# Does he have Maine **** in him?



## Kelly_ann (Aug 5, 2003)

I love Maine Coons, they are my favorite breed. I just love their personality and they are soo beautiful. I was told before that he is a part Maine **** mix. I would like to get a 2nd opinion. Joey has the personality and the look, he has tuffs out of his paws, longer fur on the tummy, mane around his neck and longer whisker then the normal cat. Please let me know for sure. I would like to know. Thanks! 

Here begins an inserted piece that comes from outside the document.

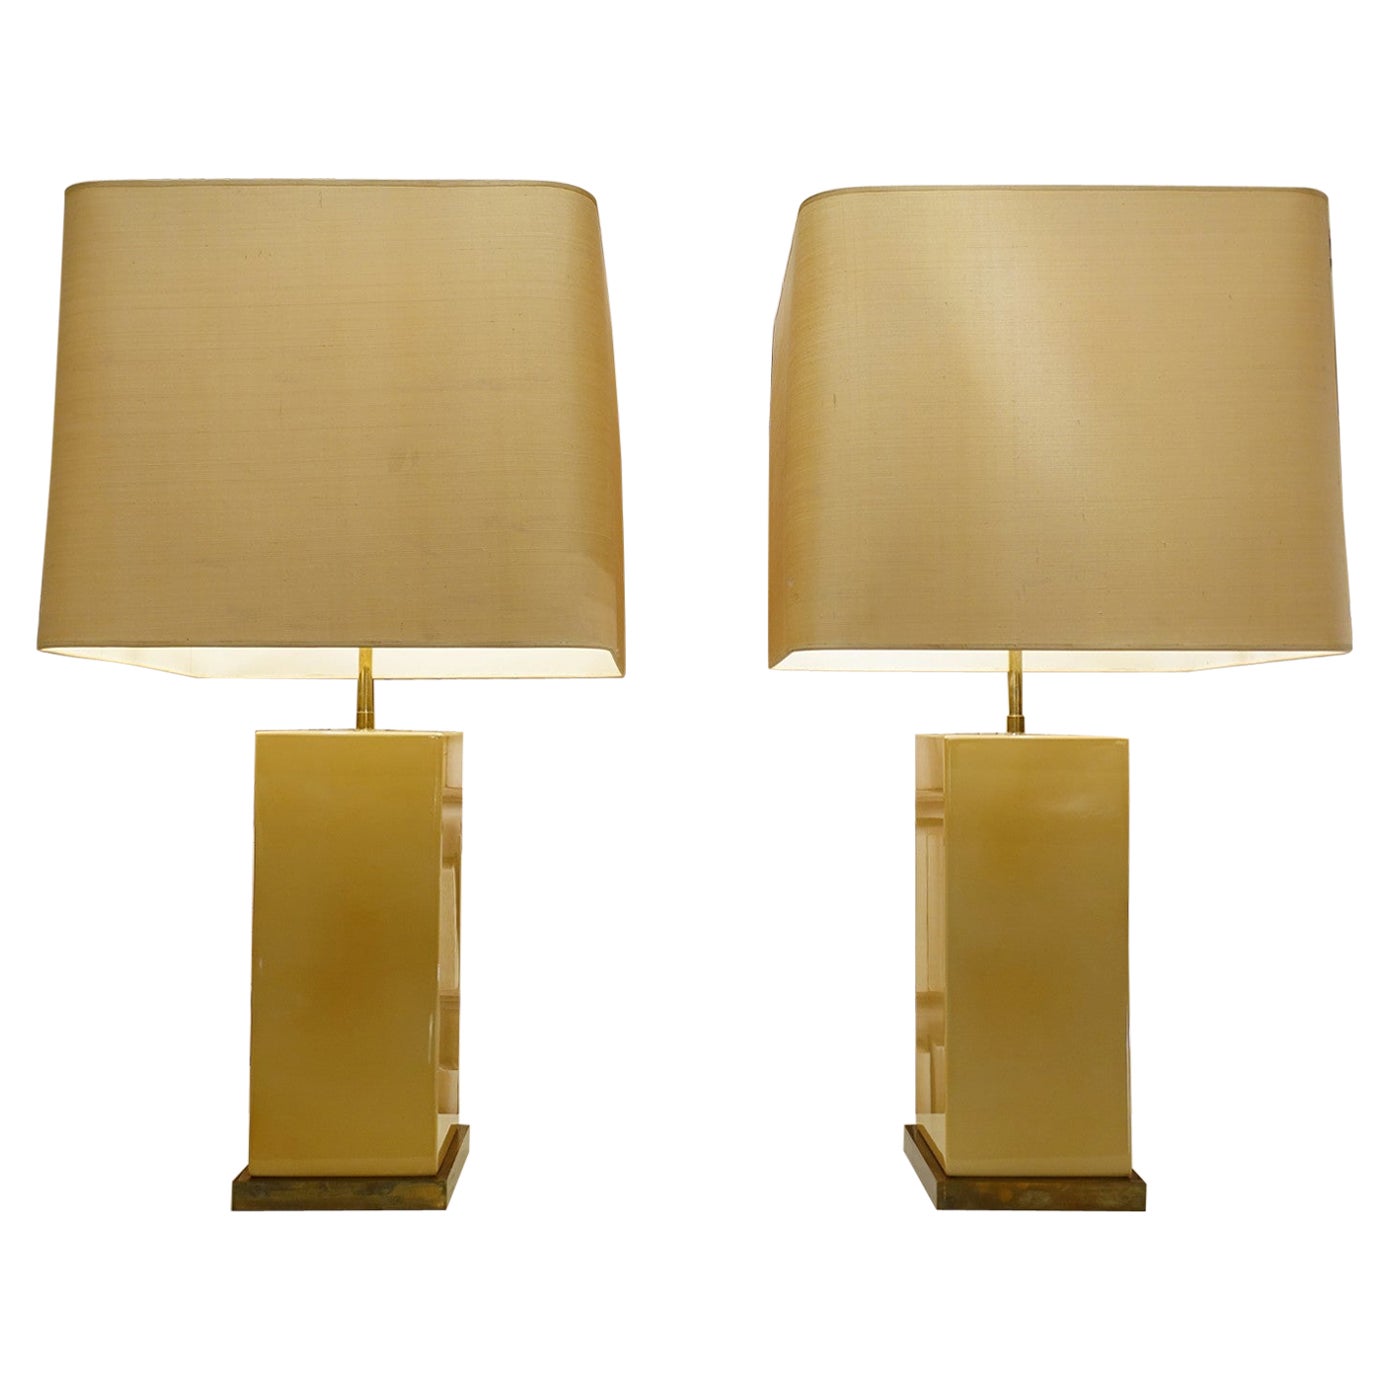 Roger Vanhevel Cream Lacquered Wood Table Lamps, Belgium

http://www.catforum.com/photos/data/500 ... loseup.jpg
http://www.catforum.com/photos/data/500 ... basket.JPG
http://www.catforum.com/photos/data/500 ... _Chair.jpg
http://www.catforum.com/photos/data/500 ... byjoey.jpg
http://www.catforum.com/photos/data/600 ... lycute.jpg
http://www.catforum.com/photos/data/500 ... toilet.JPG
http://www.catforum.com/photos/data/600 ... igyawn.jpg


----------



## dragonfire (Aug 1, 2005)

Impossible to say, all those attributes you name are common in all longhaired cats, they are not exclusive to the Maine **** breed.


----------



## Pigsterz (Oct 14, 2004)

I can't tell either from the photos, but I love that photo of him with the glasses. Too cute! He looks like a very smart professor.  

Is his muzzle square-ish or more of an upside down triangle? He could be a Weggie mix if it's more triangular than square.


----------



## DesnBaby (Apr 18, 2004)

He's beautiful, whether Maine **** or not  . Love MCs btw :wink: .


----------